Моя революция. События 1917 года глазами русского офицера, художника, студентки, писателя, историка, сельской учительницы, служащего пароходства, революционера - стр. 104
В соседней с кабинетом комнате («Учебной», «Приемной») я нашел тот самый ящик на ножках роскошной работы, который был поднесен Государю по случаю двадцатипятилетия царствования и в котором хранились 25 листов с акварельными видами Петербурга – работы разных видных художников, в том числе моего отца, моих двух братьев, М.Я. Вилье>171, Вилье де Лиль-Адана, Премацци>172 и т. д. Увы, этот ящик был жестоко поломан в разных местах, стекло в его крышке разбито, а виды Петербурга, частью порванные, разбросаны по всем углам. В таком печальном виде я увидал этот дар Городской думы, изготовлявшийся (в 1880 г.) на моих глазах, когда я в первый раз после погрома посетил дворец. Теперь все листы были снова уложены в ящик, а самый яшик (домашними способами) починен.
И снова во время этого моего нового обхода половины Александра II у меня ожила мечта о создании грандиозного музея в Зимнем дворце, точнее, целого ряда музеев историко-бытового характера, которые являлись бы известным продолжением Эрмитажа – с доведением коллекций до наших дней. Тут же, в связи с прочим, был бы расположен Восточный отдел, Кабинет эстампов (перенесенный из слишком тесного помещения в Эрмитаже) и многое другое. Однако Верещагин сразу меня разочаровал.
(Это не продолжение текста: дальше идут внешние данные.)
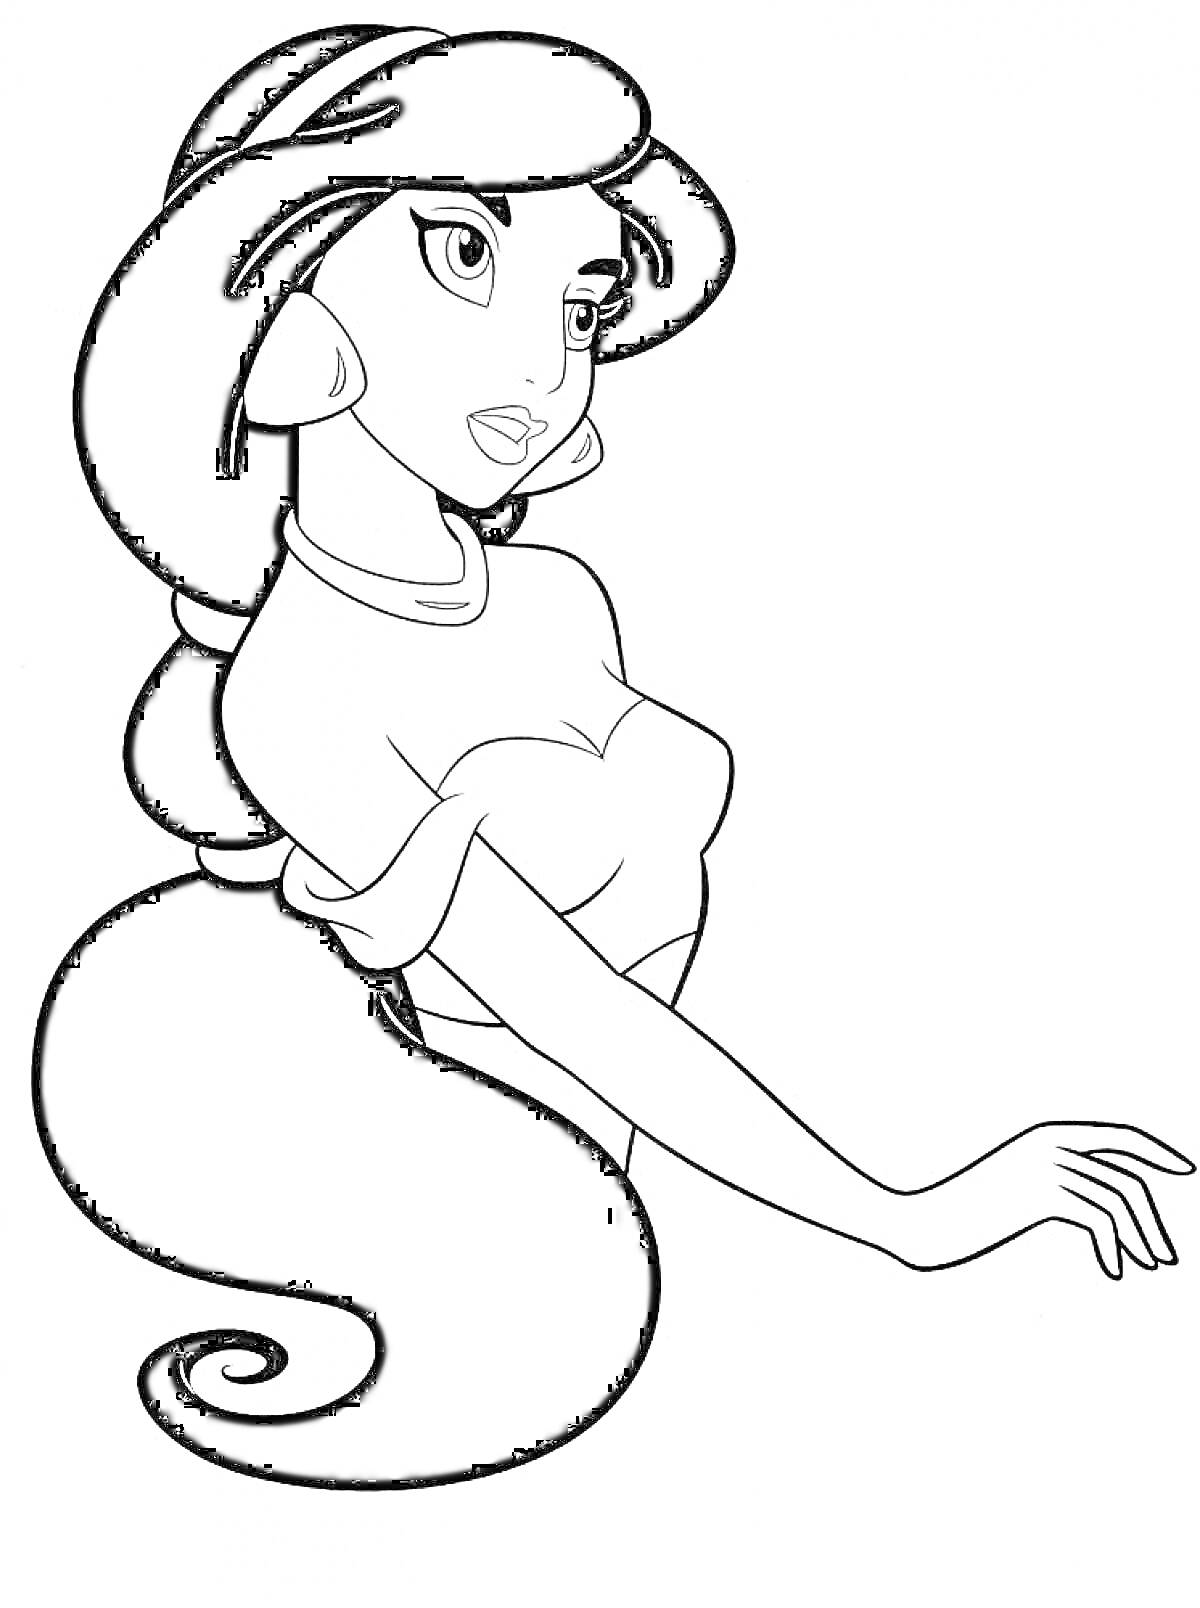 Раскраска Принцесса Жасмин с длинными волосами, стоящая в профиль, с серьгами и ожерельем

Он вдруг заговорил о необходимости предоставления значительной части дворца под разные организации (!). Ах, какие можно было бы сделать чудеса, если бы не было этих чиновничьих душ, вечно думающих о том, как бы угодить начальству, и хотя бы такому, которое они только вчера признали и в душе продолжают ненавидеть!..
28 ноября (15 ноября). Среда. Предполагал сегодня весь день рисовать костюмы «Петрушки», но не тут-то было! В «Известиях» появилась дурацкая заметка о том, что мы с Верещагиным принимаем близкое участие в работе Луначарского! Мне это показалось настолько опасным (и вредным для самого дела, ибо все те, без которых нам не обойтись, могут окончательно от нас отмежеваться, прекратить всякое с нами общение), что я решил написать Луначарскому письмо и отправился с проектом такового к Верещагину, чтоб с ним вместе все обдумать. <…>
Верещагин, который и без того очень тяжело переносит одиум, вызванный своей «поддержкой самозваному правительству», всполошился чрезвычайно! Решено вместе составить текст объяснительного письма для печати. (Между прочим, выяснилось, что и Петровский ведет дневник, и это – с июня, однако я о своем Дневнике благоразумно умолчал.)
Каким-то своим подсознательным чутьем я чувствую постепенное упрочение позиции большевиков. Но и факты налицо. Их правительство уже признал испанский посланник (посол?), а в Министерстве иностранных дел растет число служащих, встающих на работу <…>.